I've noticed some CDs that cause large subsonic woofer excursions. One clear example is Stevie Wonder "A Time to Love".a substantial amount of subsonic ringing throughout///

Looks by eye to be close to 1 Hz.


Anyone else notice it on this particular CD or any others?

Seems a good 10 Hz subsonic filter would help with this waste of power and excursion. Who'd have thought one would be needed with CDs?



With LP the low frequency content is cut in the mastering process in order to increase recording time by reducing the groove width The noise signal - warp is introduced in the playback process and there is obviously nothing in the production phase that can eliminate the warp noise signal.

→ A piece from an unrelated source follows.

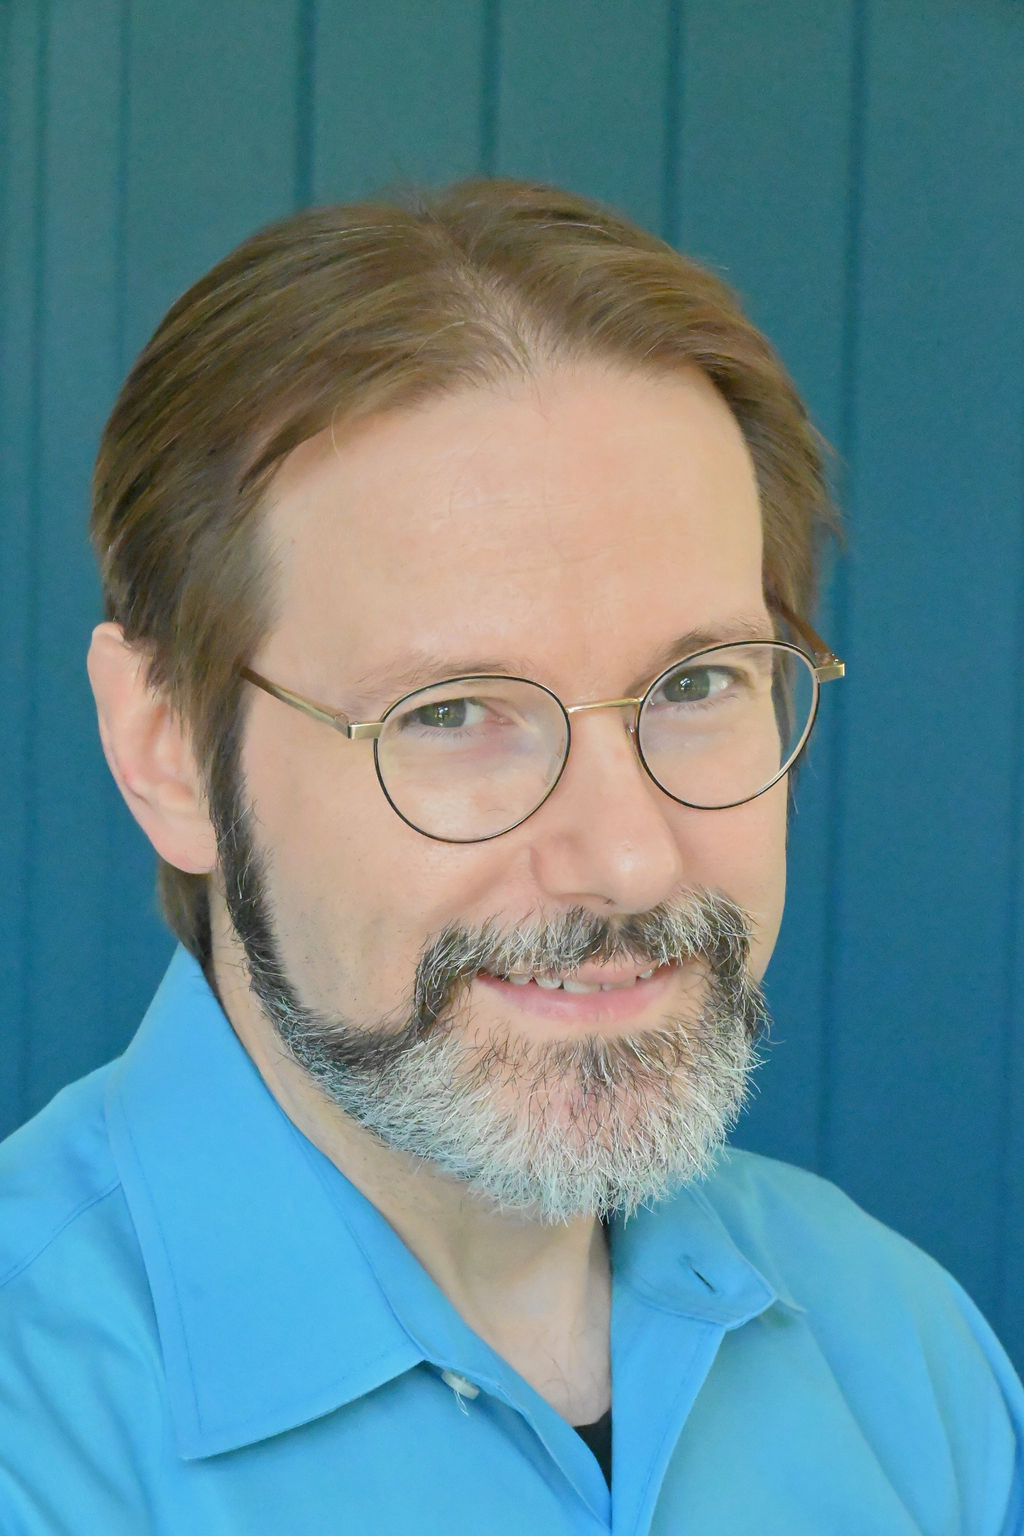 A headshot of a man wearing glasses and a blue shirt. He has brown hair and a darker mustache and beard which is greying.
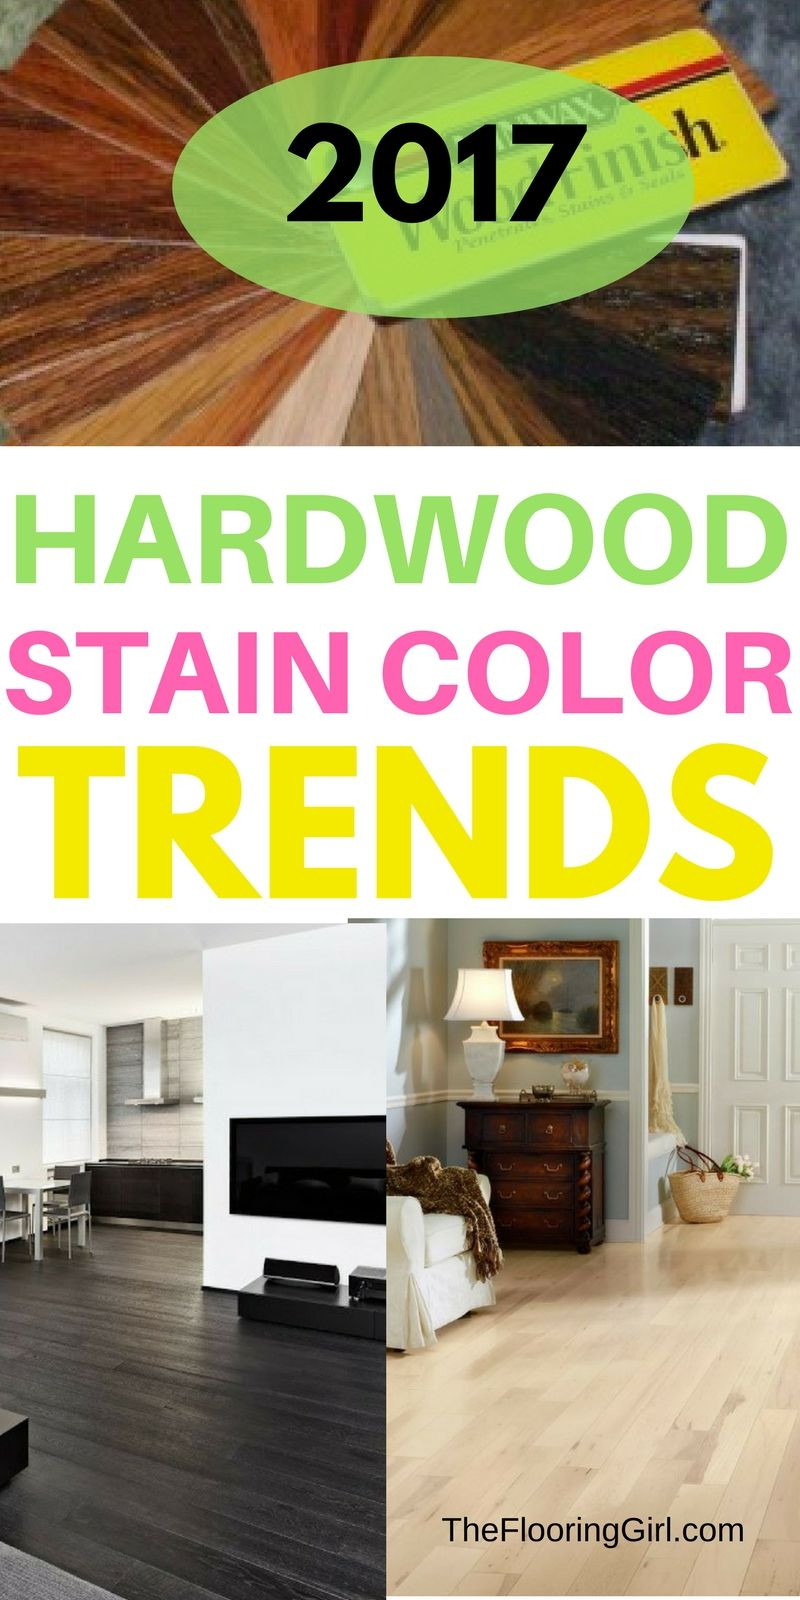 13 attractive Hardwood Floor Gouge Repair 2024 free download hardwood floor gouge repair of hardwood flooring stain color trends 2018 more from the flooring within hardwood flooring stain color trends for 2017 hardwood colors that are in style thefloo

It is also well know that there are very low frequency sources such as vocal pops, string plucks and pops that need to be filtered to provide a reasonably band limited signal for playback. Digital formats have no noise source such a warp in the playback path and therefore why not digitally high pass filter the final digital data at say 10 Hz? The cutoff could even be specified depending on the program content. I understand that a few sound tracks have 10 to 12 Hz real content, perhaps even one with 8 Hz.
This would eliminate the need for a subsonic filter in the playback path. Indeed, how many preamps have a subsonic filter in the line stage path, if they have one at all?

I'd still like to know where this noise came from:
http://baselaudiolabs.googlepages.co...FREQ-NOISE.png
Looks like the channel with the noise had some clipping on the negative going cycle right before the LF noise, perhaps a poorly designed DC servo thrown off by the overload?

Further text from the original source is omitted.